Under Brekke, Target stores acquired ever-more sophisticated video surveillance systems. Today, as cameras watch over stores, video and security analysts at regional investigations centers can surveil individual shoppers as they move from aisle to aisle. A Target team in Bengaluru, India, crunches data that can yield reports on loss trends for U.S.-based security investigators. The company’s video analytics experts have built and patented algorithms that can ascertain whether an individual shopper is displaying the behavioral characteristics of a thief, such as hovering in front of expensive electronics or deviating from a standard shopping pattern. A Target spokeswoman says that technology is not used in any of its stores. Nor is facial recognition, she says, which Target has tested but not deployed.
Target began expanding into inner cities in the 1990s. When it arrived in downtown Minneapolis, in 2001, a renaissance was already under way. The police department had successfully reduced violent crime by using the then-popular “broken windows” criminology theory, which advocated cracking down on petty offenses as a means of preventing more serious crimes. The city had remodeled the Nicollet Mall, a prized pedestrian shopping district, adding Austrian pine trees and granite to the walkways. A sprawling new Target on the mall, with a towering, glass-encased bull’s-eye, proclaimed the company’s primacy.
Despite the thriving economy, Minneapolis remained one of America’s most racially segregated cities, the result of redlining and racial covenants that helped prevent Black families from acquiring wealth and kept them out of desirable neighborhoods. Black residents faced an outsize chance of arrest and incarceration.
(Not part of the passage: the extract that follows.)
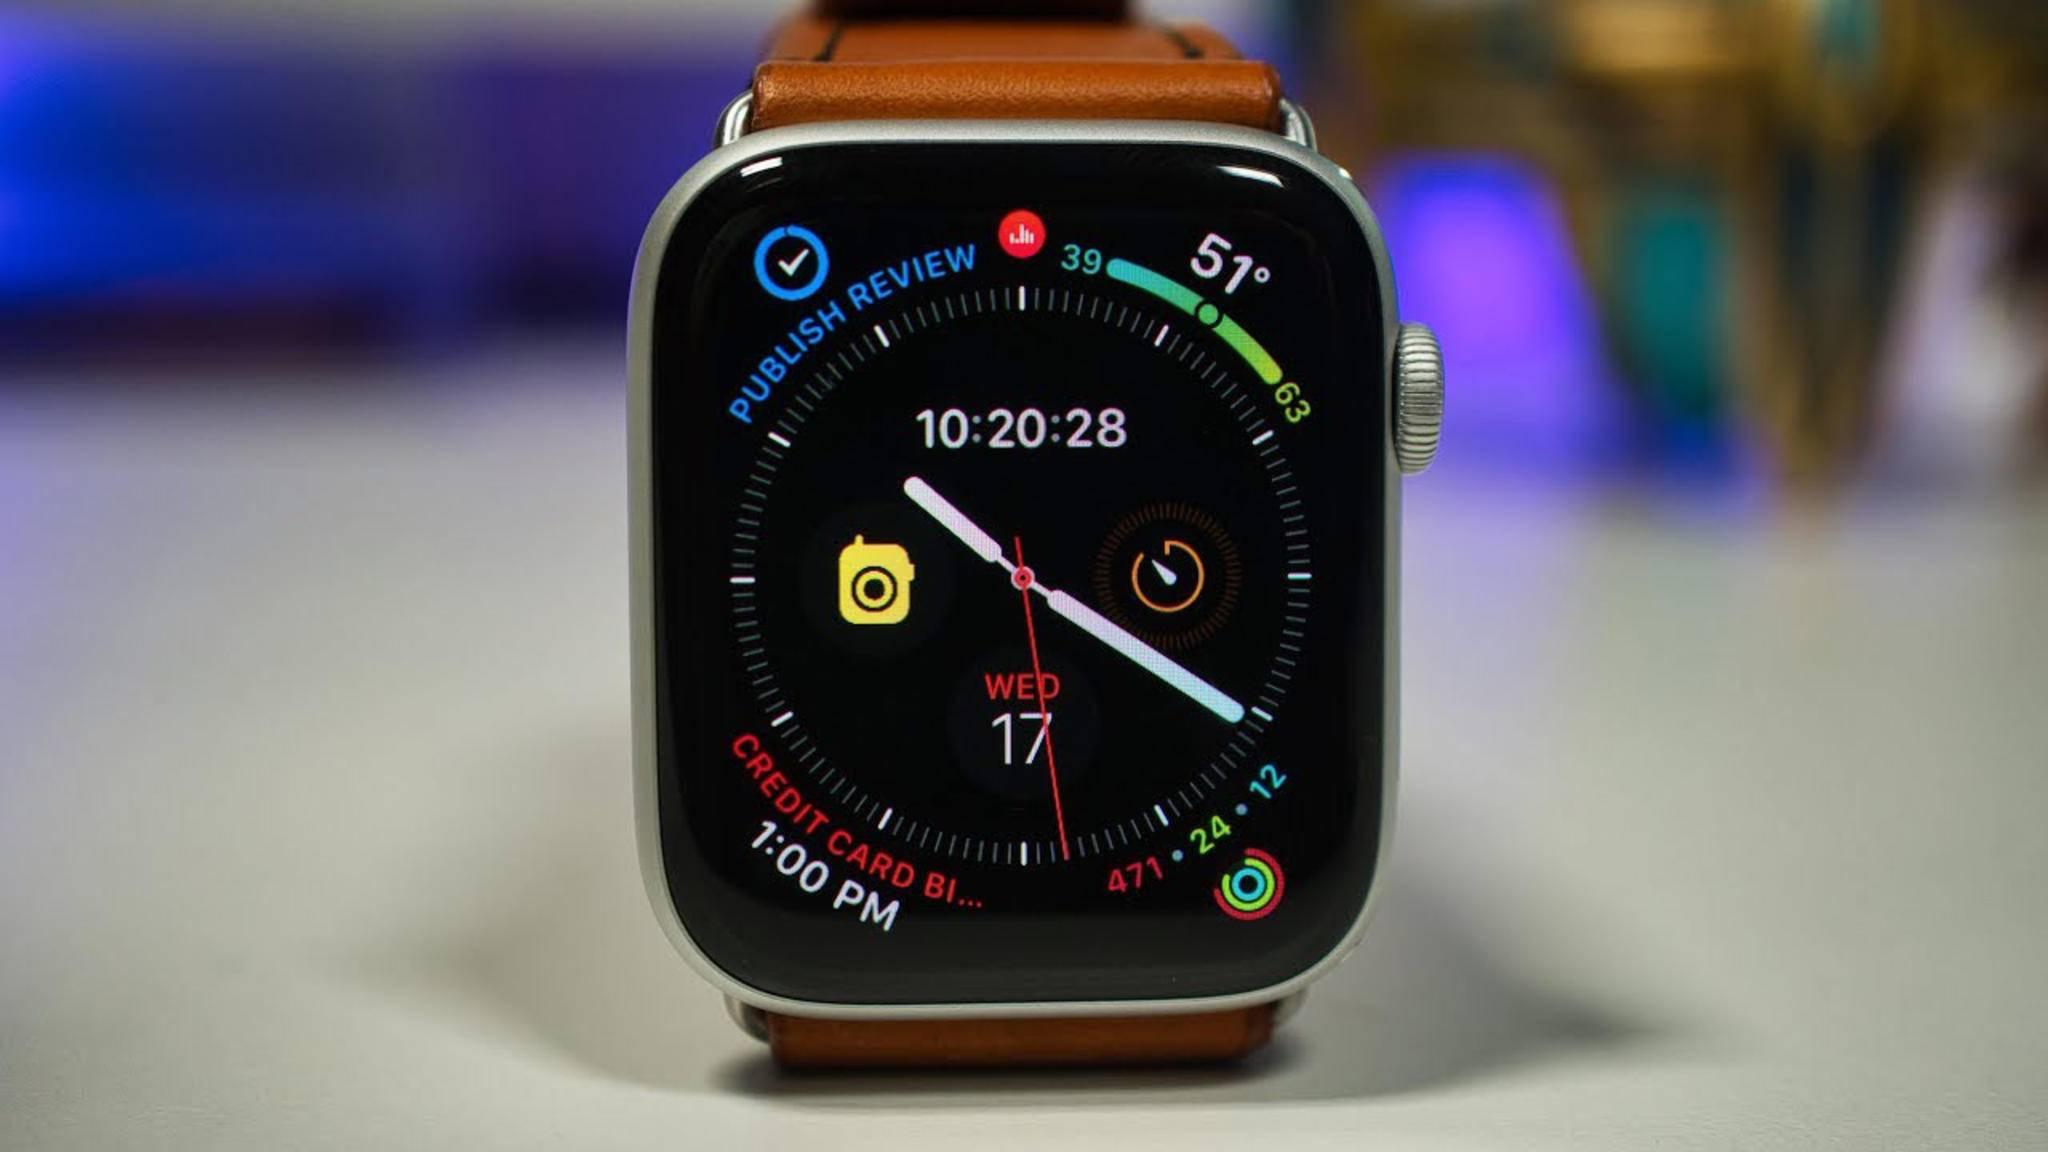 Eine Apple Watch bekam während des Wetterberichts im britischen Fernsehen unverhofft viel Aufmerksamkeit.

This April the U.S. Department of Justice announced an investigation into the Minneapolis Police Department for potential patterns of racial discrimination and excessive use of force.
Downtown, two worlds collided. The largely White, middle-class Minneapolitans who lived in newly built apartments in the area, commuted to work there, and flooded the neighborhood’s bars on weekends chafed at the poor and mostly Black and American Indian people on the streets. Homeless and unemployed youth hung out on corners, dodged truancy officers, and packed downtown shelters at night. Surveys in the early 2000s found many Twin Cities residents felt uncomfortable working and shopping in their midst. It was less about actual safety—violent crime was down—than what Target executives called “safeness.” A Minneapolis police chief, quoted in a 2010 Police Executive Research Forum report sponsored by Target, used another term: the “ick factor.”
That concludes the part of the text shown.